About four years ago, she saw a plasma torch and said she was going to teach herself how to use it. 

“I cut everything I had and ran out of stuff,” she said.

But when a guy had 14 saws for two bucks a piece at a flea market in Fairbury, Chinn hopped and The Saw Lady was born — she carves cowboys and wagons, last names and animals, and it’s all part of her re-purposing craft. The sundial that sits in one of the gallery’s corners uses more scrap metal with a round piece of glass, and even hats aren’t out of the question as her website, cindychinn.com, displays a birdcage topper.

Chinn’s talent for carving seems endless — she also took on graphite in carpenter pencils. Graphite is a fine mineral that cleaves easily, but Chinn knew she wanted to carve it. 

“I thought, ‘If I cut that right, it could look like a tunnel. Trains come out of tunnels. I’ll do a train,’” she said. 

The miniature carvings earned her a spot in “Creative Extremes,” a German-English coffee table book, and she was one of three pencil carvers in the world at the time.

Call her penchant for detail a blessing or a curse — Chinn purchased a microscope to view the minuscule graphite shavings, and found her time into the pieces doubled. 

“I put more detail into it,” she said about the carvings that are as thin as hair. A micro-museum in Spain has taken interest in a few of Chinn’s pieces, and she will soon have pieces for show in Kansas City. 

Qatar was interested, too. Chinn received an email about the Scrap Metal show, and at first, she wasn’t sure the email was authentic.  

“Other artists were contacting me and asking if it was real,” she said. 

Qatar offered to pay for the shipping, airfare, hotel and meals for two weeks. 

“Everyone was questioning. Who does that?” Chinn said. 

She started getting calls at 3:30 a.m., when she was working. 

“I think this is real,” she said she told Whitton. “I took that chance.” 

The chance turned into a two-week venture of 30 international artists. Chinn’s art was on display, and she also spent some time doing workshops. She tweeted and posted continuous updates. Her Camel Head sculpture was popular as were The Saw Lady’s Camel’s on a scrap saw metal path. 

As a send-off of appreciation, the artists were given a plaque. 

 She and Whitton made the trek from the hotel to the domes several times a day.  

“Most people stayed the whole time,” she said. Whitton counted the steps from the hotel to the show. 
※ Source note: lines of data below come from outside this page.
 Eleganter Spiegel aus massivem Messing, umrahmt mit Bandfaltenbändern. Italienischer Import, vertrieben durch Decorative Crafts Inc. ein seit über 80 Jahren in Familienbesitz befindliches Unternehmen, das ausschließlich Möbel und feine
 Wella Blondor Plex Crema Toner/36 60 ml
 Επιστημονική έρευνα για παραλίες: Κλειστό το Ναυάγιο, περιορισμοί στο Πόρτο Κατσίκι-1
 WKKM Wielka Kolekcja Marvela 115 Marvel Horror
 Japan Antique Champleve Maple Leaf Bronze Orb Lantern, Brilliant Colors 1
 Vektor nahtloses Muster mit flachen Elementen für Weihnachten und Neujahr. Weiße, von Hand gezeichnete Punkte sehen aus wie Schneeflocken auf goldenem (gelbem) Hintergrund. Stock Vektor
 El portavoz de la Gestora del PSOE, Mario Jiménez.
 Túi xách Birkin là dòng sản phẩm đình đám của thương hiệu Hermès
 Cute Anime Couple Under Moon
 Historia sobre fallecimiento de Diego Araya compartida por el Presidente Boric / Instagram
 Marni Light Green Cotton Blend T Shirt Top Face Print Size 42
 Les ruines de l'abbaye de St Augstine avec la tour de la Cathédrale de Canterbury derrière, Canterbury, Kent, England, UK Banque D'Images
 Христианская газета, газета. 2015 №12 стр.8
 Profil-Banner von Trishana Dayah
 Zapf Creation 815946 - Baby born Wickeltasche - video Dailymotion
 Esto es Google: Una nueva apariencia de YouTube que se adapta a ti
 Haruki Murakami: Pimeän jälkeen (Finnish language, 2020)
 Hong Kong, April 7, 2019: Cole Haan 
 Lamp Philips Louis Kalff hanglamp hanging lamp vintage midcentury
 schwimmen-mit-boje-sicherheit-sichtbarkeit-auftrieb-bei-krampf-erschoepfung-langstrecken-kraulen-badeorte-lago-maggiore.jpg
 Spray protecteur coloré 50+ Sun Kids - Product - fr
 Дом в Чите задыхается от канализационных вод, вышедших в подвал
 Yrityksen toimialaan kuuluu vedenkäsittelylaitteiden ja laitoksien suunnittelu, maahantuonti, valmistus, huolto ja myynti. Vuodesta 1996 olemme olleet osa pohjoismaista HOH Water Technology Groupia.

“235,” he said. “I was curious.”

Whitton has been shooting since the 1960s and he captured the exhibition in Qatar mostly in candids. 

These days, Whitton gravitates toward events. 

“I love people and trying to capture the feel of an event,” he said. 

His photos in the gallery are meant to draw the local audience with rural scenes, but his interest is vast — nature and landscapes to portraits and shallow depths.

He and Chinn have had some shows together, but he finds himself shooting Chinn’s artwork keeps him busy.

From the looks of it, Chinn is occupied with any medium she can get her hands on. She indicated interest in the Her Flag project, a nationwide venture for Marilyn Artus, who started the project to commemorate what the Suffrage Movement brought: the 19th Amendment. 

Who better to make the flags than women, but Chinn was careful to include Erasmus Correll, a Nebraska state senator, and one of Hebron’s fathers. Correll was president of the American Woman’s Suffrage Association and wrote energetic editorials on the topic in his publication, Western Woman’s Journal

Chinn used digital for the flag that also had Correll’s wife, Lucy, and Willa Cather, along with other authors. She focused on the eyes of her subjects through old photographs. 

“We could see into their souls as they look after our future,” she said.  

And while Her Flag is now cast forever in local history, Chinn has moved to another medium. She is working on a five-foot painted glass project with 3D effects, that tells yet another story of a great-grandmother who was two years old when she saw President Abraham Lincoln in a parade.

Chinn’s art Journey is a story By Appointment Only, that won’t have ending anytime soon.